Он работал в новом кессоне, возводя водонепроницаемую перемычку. Раздался крик — может быть, завопил он сам или друг предупредил его о грозящей опасности, когда деревянная оплетка внезапно вмялась внутрь под давлением воды. Два деревянных столба нелепо завертелись в воздухе. Рабочие бросились к парапету и поглядели вниз, в воду, где после короткого всплеска все снова стихло. Они спустили лодку, та стала рыскать среди дрейфующих деревянных обломков. Никаких следов пострадавшего видно не было. Рабочие не умели плавать, и на мосту не нашлось никого, способного поверить, что он спасся. Лодка десять минут кружила по реке, гребцы тыкали веслами плавучий мусор. Потом кто-то окликнул их, и они вернулись к причалу. Милн стоял у стола, на котором лежали планы, прижатые камнями от ветра. Лицо молодого архитектора побледнело от потрясения, как будто он получил выговор. Подрядчик с палкой в руке загнал рабочих на места, а собака не отставала от него ни на шаг. Мозолистые ладони сомкнулись на не успевших остыть инструментах. Казанова услышал негромкий плач то ли мальчика, то ли женщины. Он не стал оборачиваться и не знал, кто это плачет, словно гибель рабочего была не личным горем, а скорбью всех, строивших мост. На другом, большом Лондонском мосту по-прежнему ехали повозки, а в воздухе клубился дым от листьев, сожженных в садах Капперс на южном берегу. К вечеру на стройке решили, что течение отнесло труп к Гринвичу или в море. О погибшем забыли, как будто эта память, подобно его бренному телу, скрылась в незримых потоках.

глава 5

Мысль о забастовке пришла ему в голову на шестой день работы, когда он уже три часа поднимал и опускал свайный молот.

— МАЙНА!

Вот они, первые семена недоверия товарищей. (Но разве эти сукины дети тянут поровну? Не тянет ли он за двоих? За полдюжину человек?)
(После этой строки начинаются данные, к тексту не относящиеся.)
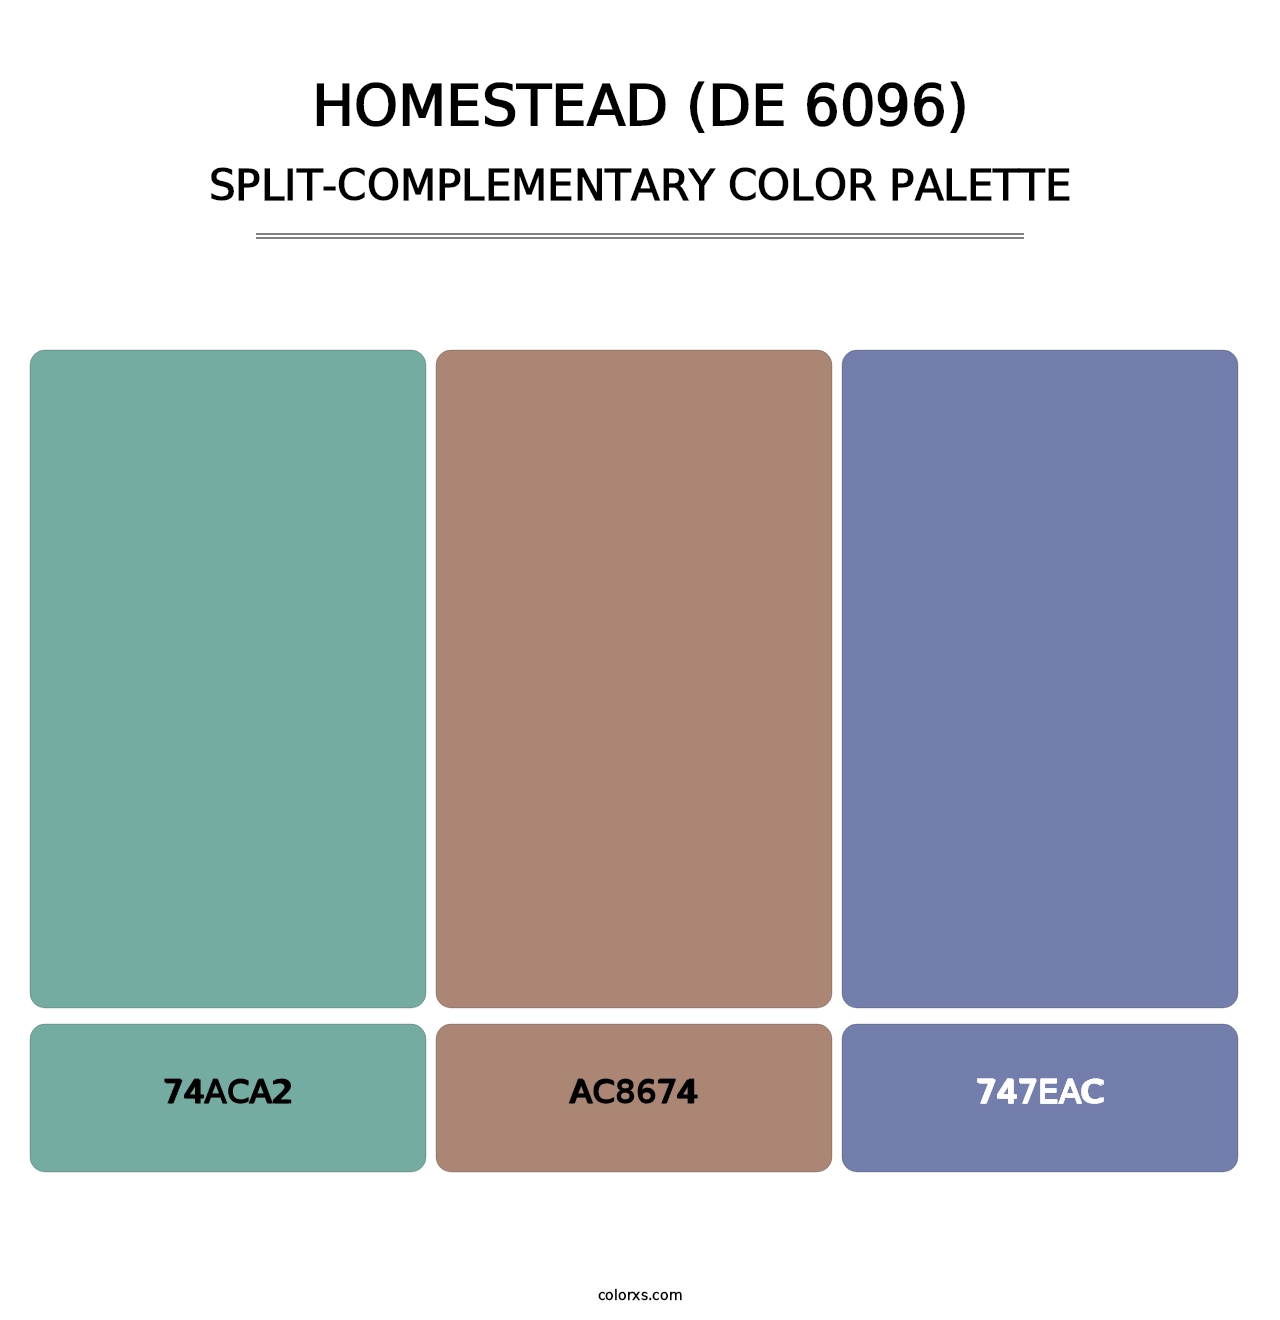 Homestead (DE 6096) - Split-Complementary Color Palette
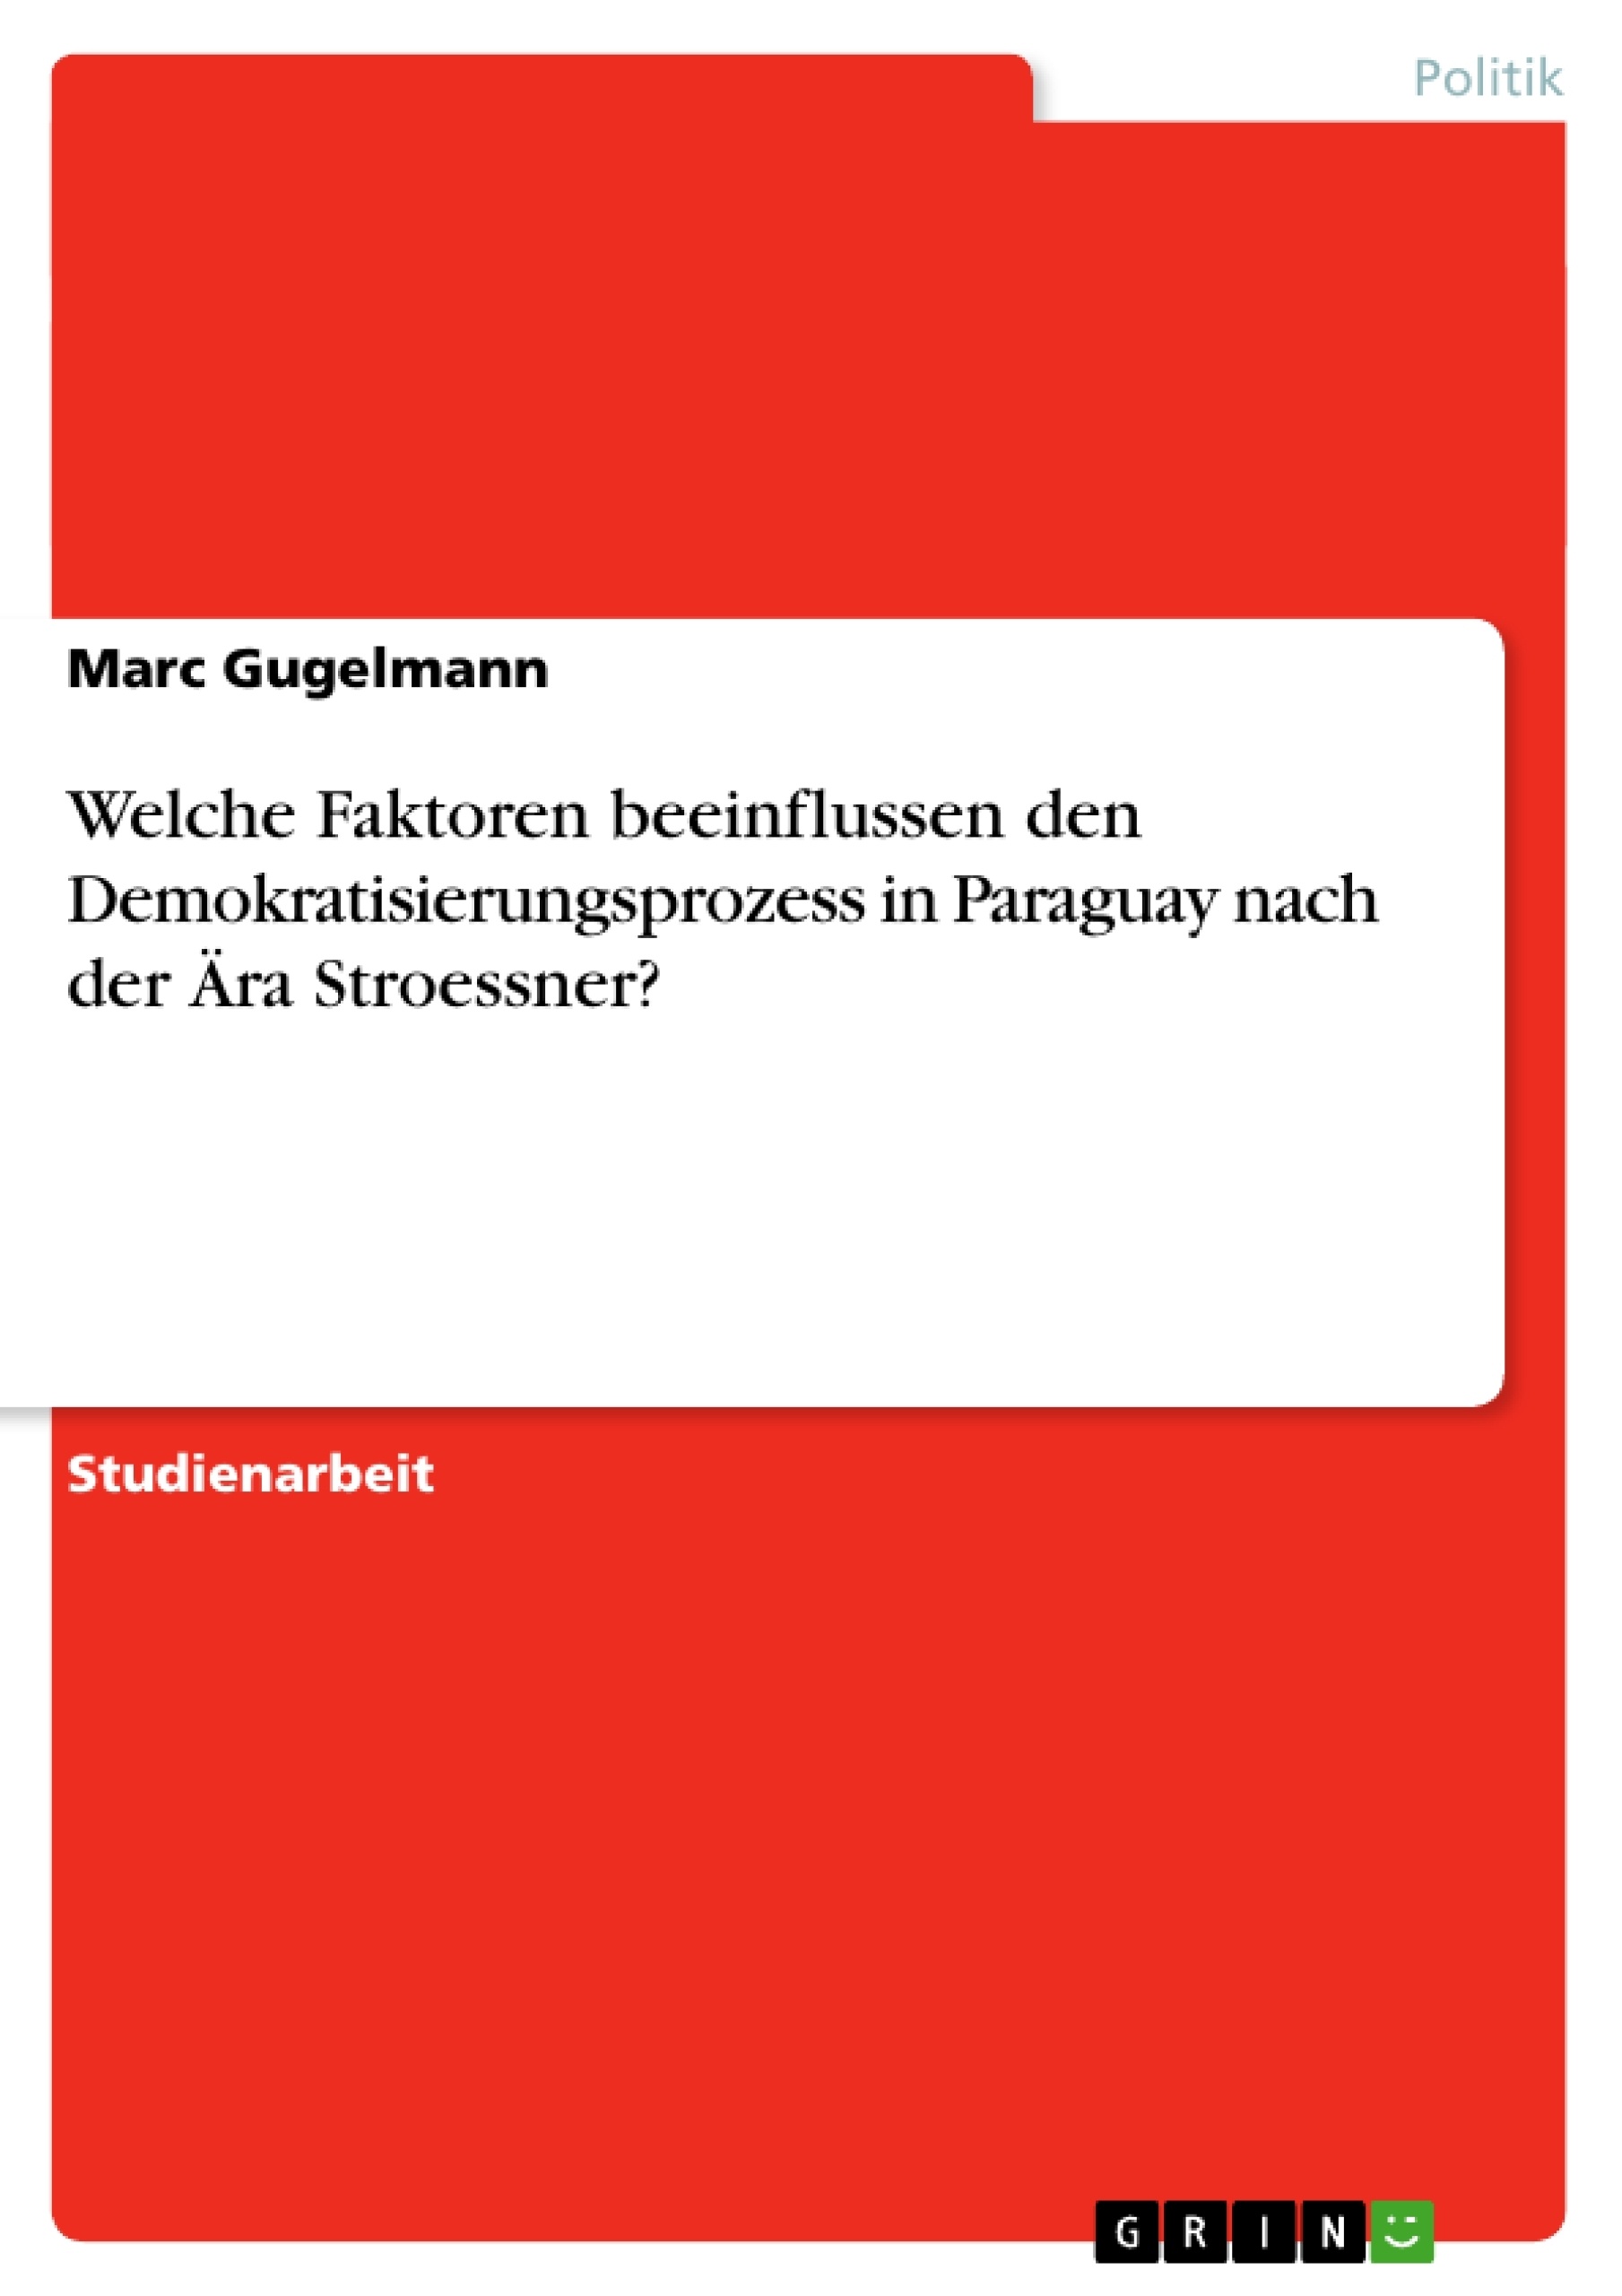 Title: Welche Faktoren beeinflussen den Demokratisierungsprozess in Paraguay nach der Ära Stroessner?

Казанова задумался. Ему не хотелось видеть укоризненный взгляд Жарбы. Отчего он смотрит? В конце концов, слуга не должен осуждать своего господина.

глава 6

В воскресенье они отдыхали, жили нормальной жизнью. Зарплату выдали в таверне в субботу вечером (подрядчик издавна был в сговоре с кабатчиком), и наутро рабочие, спотыкаясь с похмелья, отправились по ломбардам выкупать крохи былой роскоши. Мужчины в унаследованных от отцов и дедов рубашках — штопанных-перештопанных и выскобленных до полупрозрачности, придававшей им сходство со священными реликвиями, — и женщины в шляпках из соломы, росшей на лугах Уиклоу или Коннемары во времена королевы Анны, десятками и сотнями разбрелись по северным артериям города — Госуэлл-стрит, Бишопсгейт и Брик-лейн, милуясь среди кирпичных труб, глазея на собачьи бои и с доброй усмешкой проламывая друг другу черепа.